1.      Dakwah terhadap diri sendiri dan keluarga.
Artinya : “Hai orang-orang yang beriman, peliharalah dirimu dan keluargamu dari api neraka yang bahan bakarnya adalah manusia dan batu; penjaganya malaikat-malaikat yang kasar, keras, dan tidak mendurhakai Allah terhadap apa yang diperintahkan-Nya kepada mereka dan selalu mengerjakan apa yang diperintahkan.” (QS At-Tahrim ayat 6)

2.      Dakwah terhadap kaum kerabat dan tetangga dekat

Artinya : “Dan berilah peringatan kepada kerabat-kerabatmu yang terdekat.” (QS Asy-Syu’ara 214)


3. Dakwah terhadap kampung atau daerah sekitarnya.
 Artinya : “Dan ini (Al Qur'an) adalah kitab yang telah Kami turunkan yang diberkahi; membenarkan kitab-kitab yang (diturunkan) sebelumnya  dan agar kamu memberi peringatan kepada (penduduk) Ummul Qura (Mekah) dan orang-orang yang di luar lingkungannya. Orang-orang yang beriman kepada adanya kehidupan akhirat tentu beriman kepadanya (Al Qur'an) dan mereka selalu memelihara shalatnya.” (QS Al-An’am 92).

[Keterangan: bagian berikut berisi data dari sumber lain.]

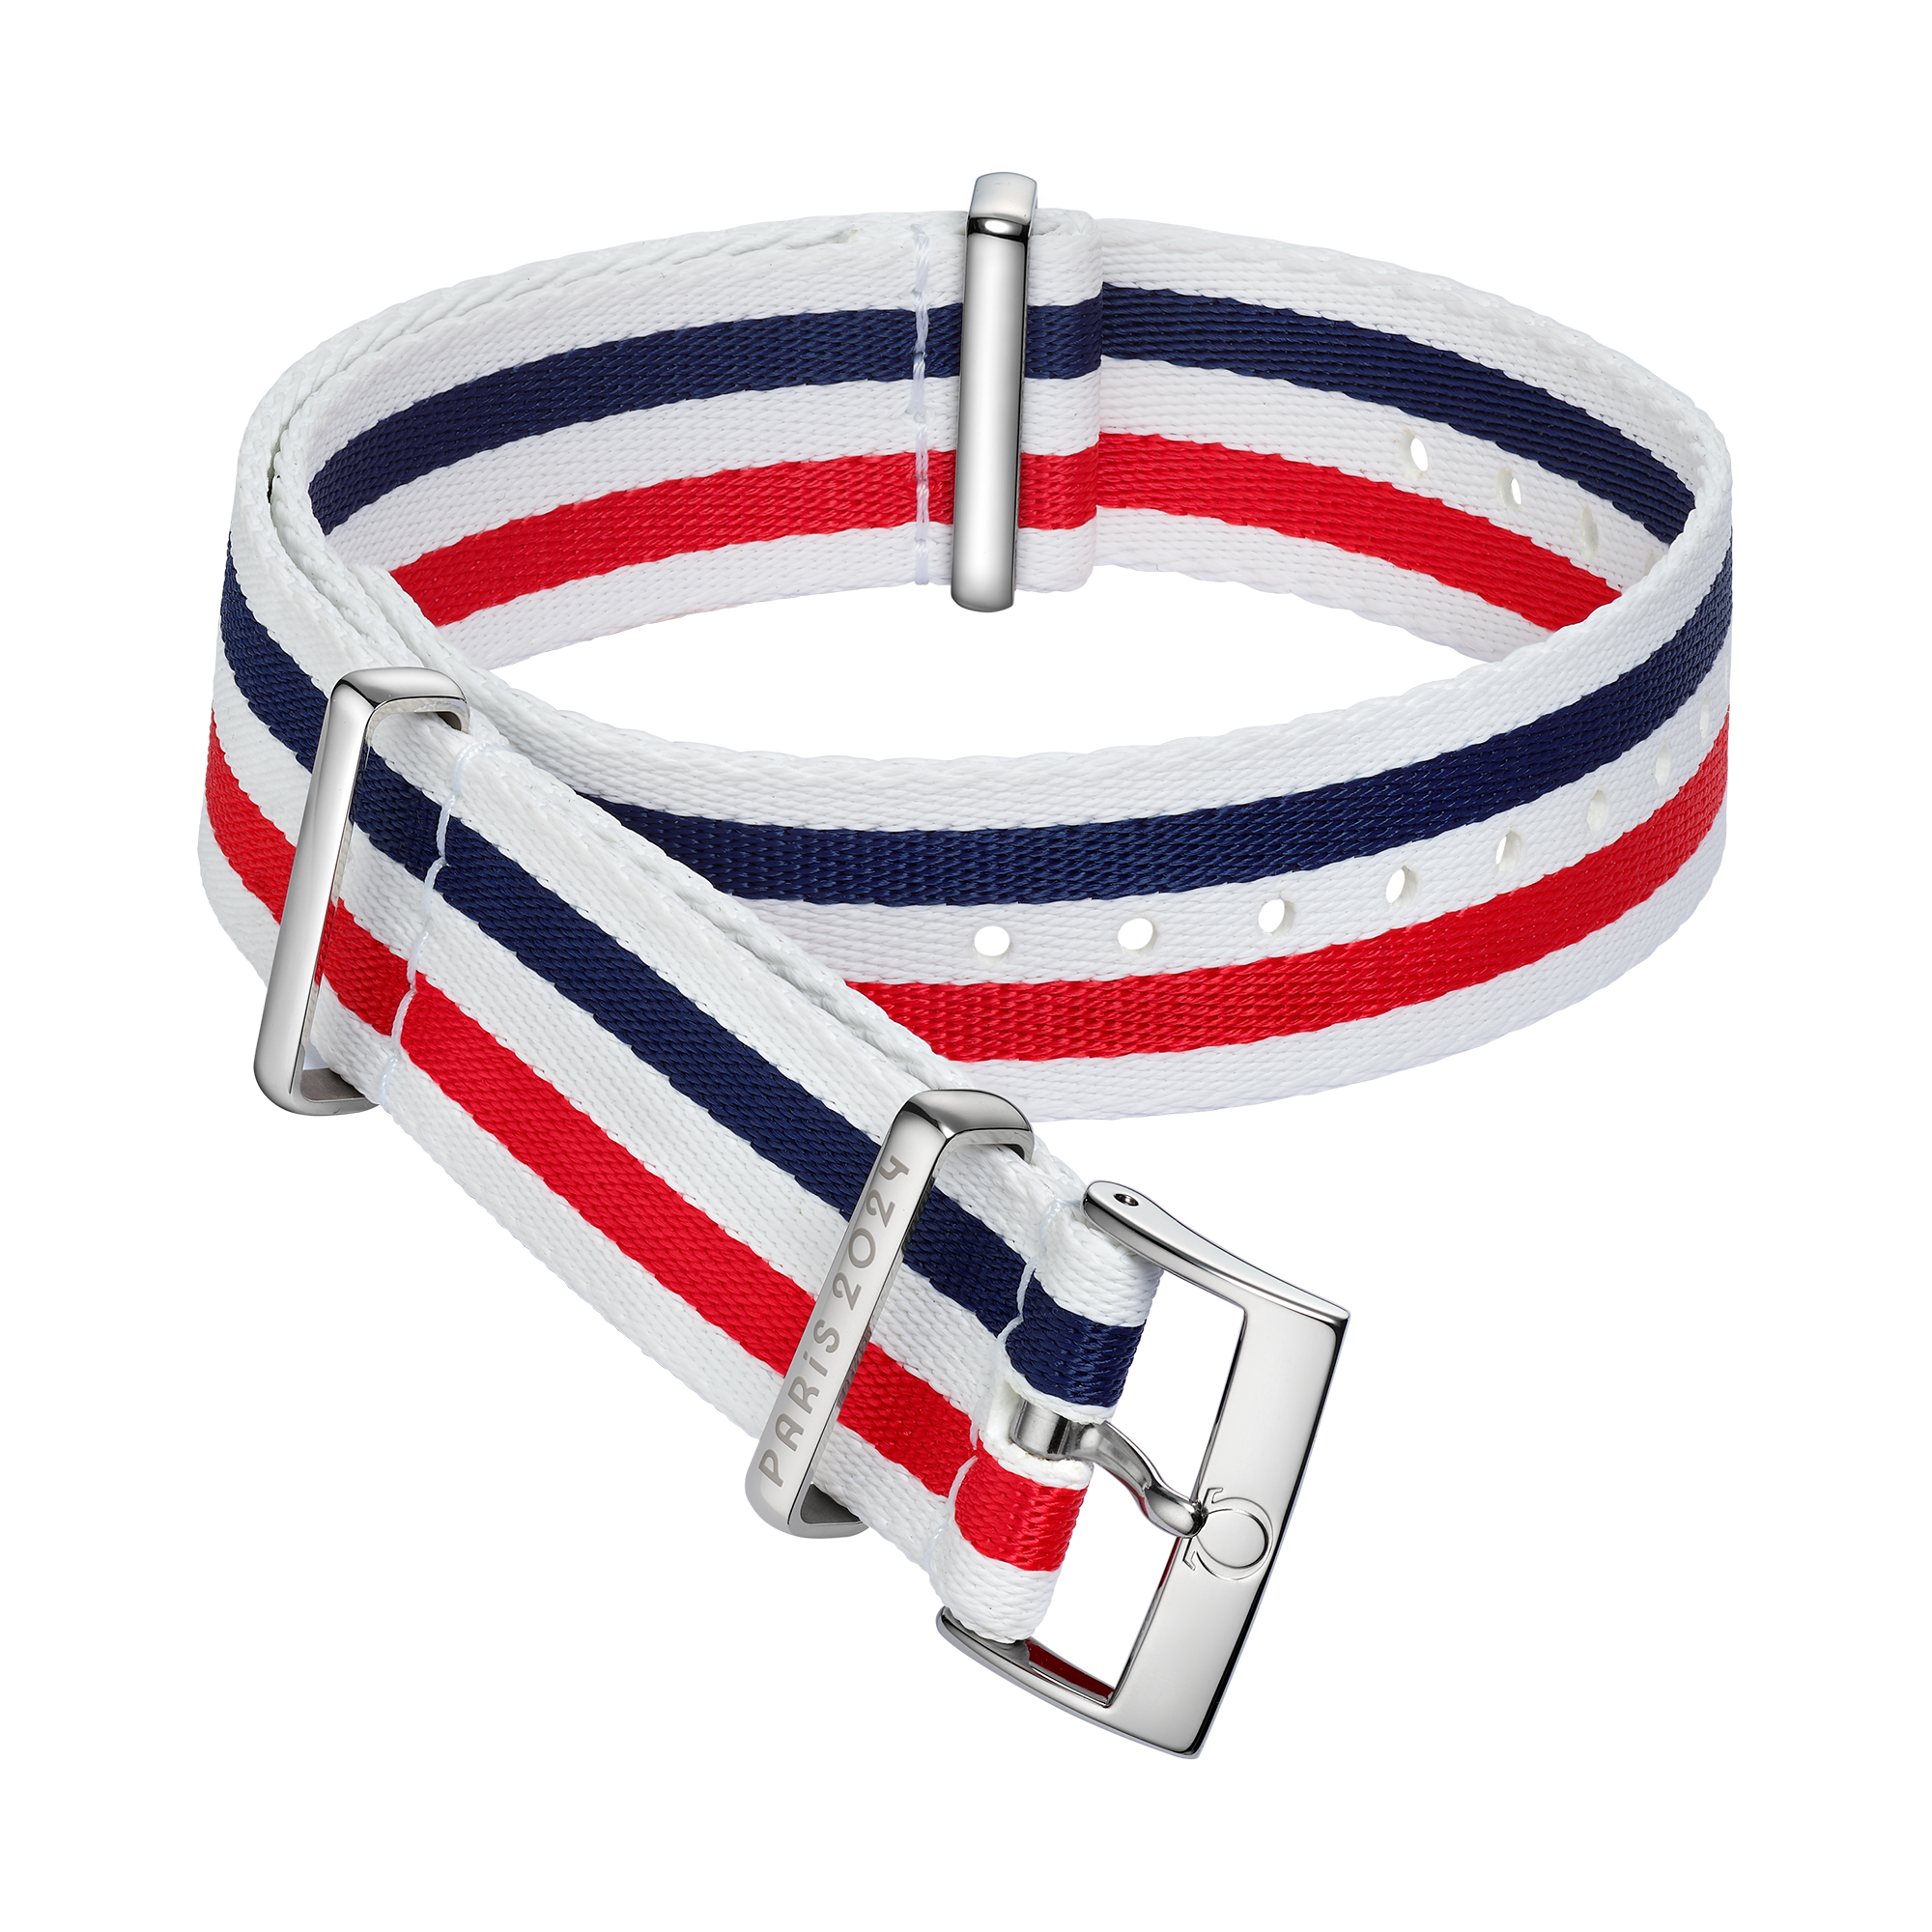 Bracelete NATO - Bracelete em poliamida branca, azul e vermelha com 5 faixas - 031Z019025

4. Dakwah atau tanggung jawab manusia seluruh alam.

Artinya : Kamu adalah umat yang terbaik yang dilahirkan untuk seluruh manusia, menyuruh kepada yang ma’ruf, dan mencegah dari yang munkar, dan beriman kepada Allah. Sekiranya Ahli Kitab beriman, tentulah itu lebih baik bagi mereka, di antara mereka ada yang beriman, dan kebanyakan mereka adalah orang-orang yang fasik.”  (QS Ali Imran 110).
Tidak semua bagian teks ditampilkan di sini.